DATA FOR ANALYSIS ▸
-- Opening Marker --

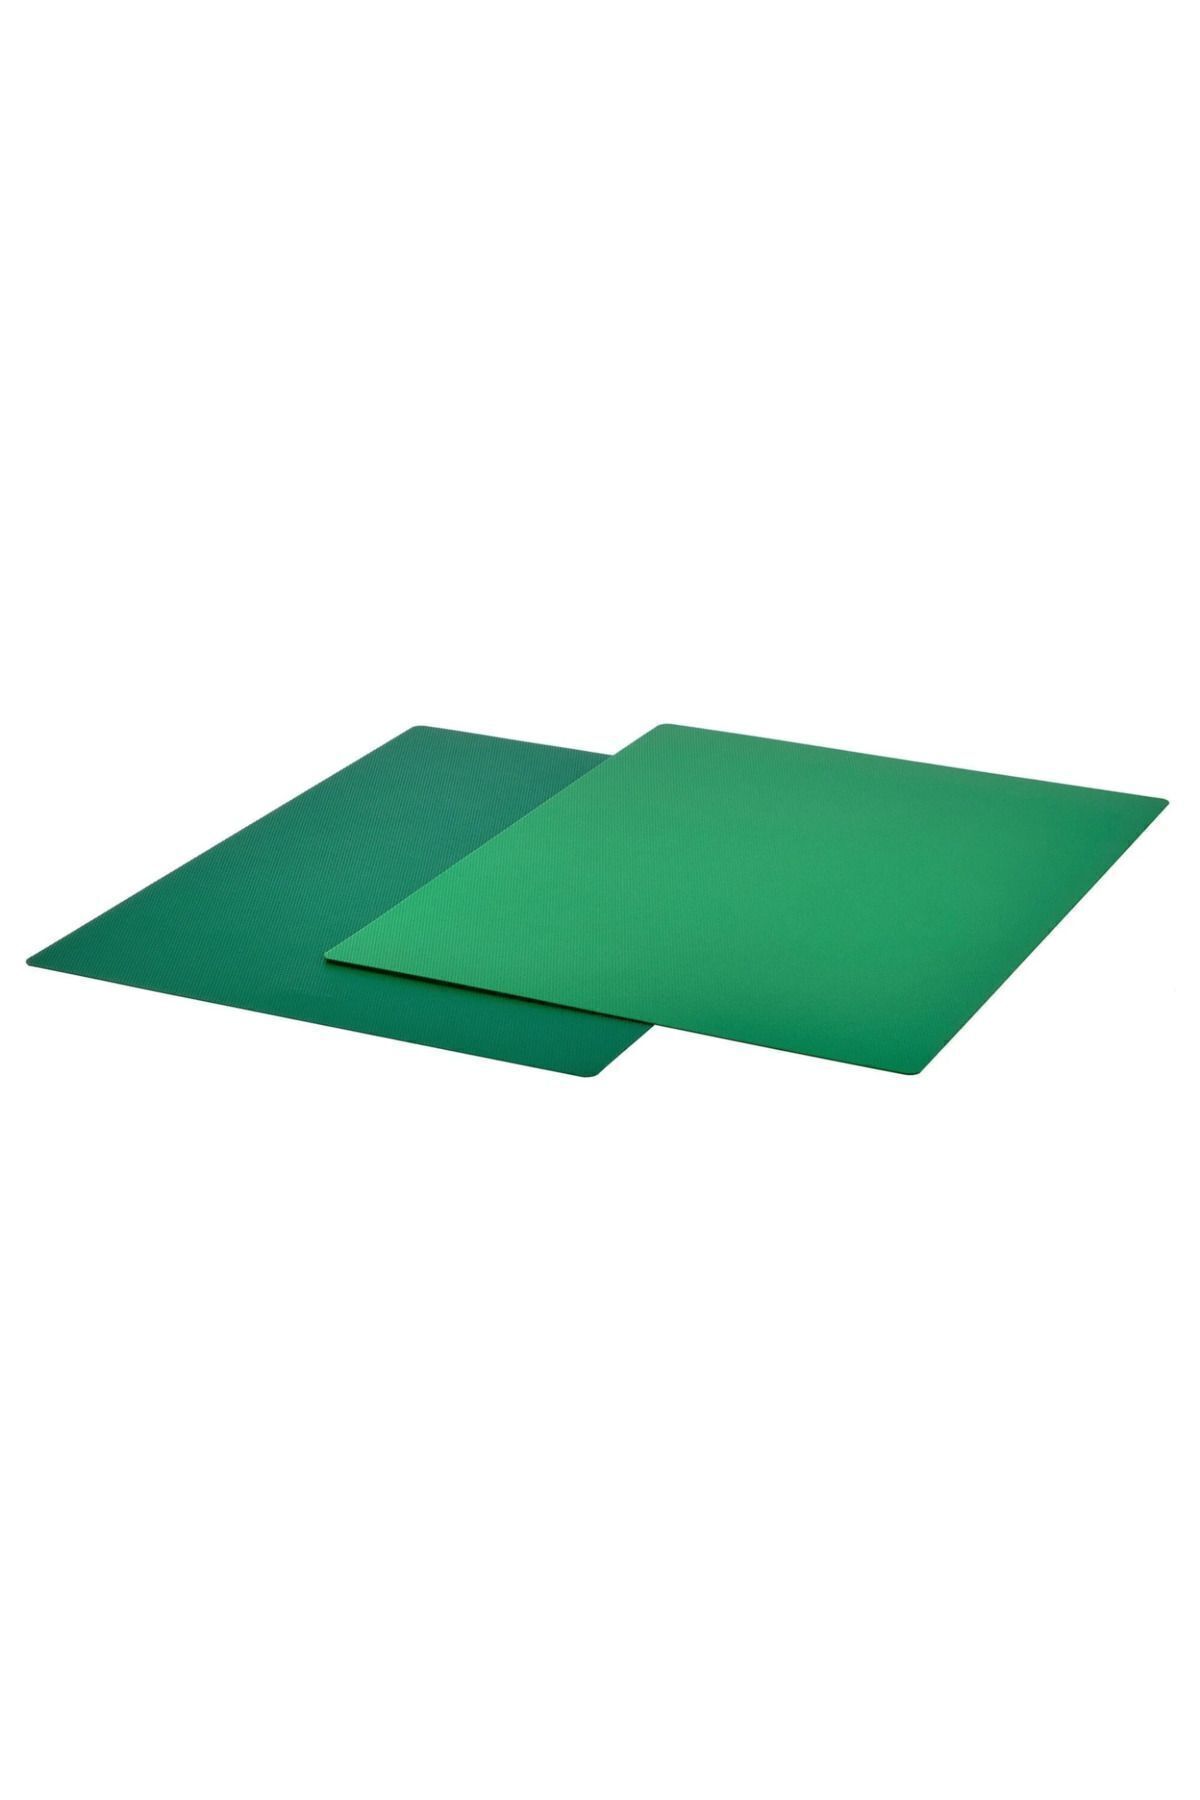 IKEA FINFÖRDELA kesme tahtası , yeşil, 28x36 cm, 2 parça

-- Closing Marker --
-- Opening Marker --

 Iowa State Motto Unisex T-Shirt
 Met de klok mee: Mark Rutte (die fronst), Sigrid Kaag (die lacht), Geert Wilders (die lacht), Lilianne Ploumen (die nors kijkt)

-- Closing Marker --

EXERCISE DETAILS ▸ Write out exactly the lines above from the line with "Iowa State Motto Unisex T-Shirt" through the line with "Met de klok", both of them included, and leave out all other lines.

REPLY TO THE EXERCISE ▸
 Iowa State Motto Unisex T-Shirt
 Met de klok mee: Mark Rutte (die fronst), Sigrid Kaag (die lacht), Geert Wilders (die lacht), Lilianne Ploumen (die nors kijkt)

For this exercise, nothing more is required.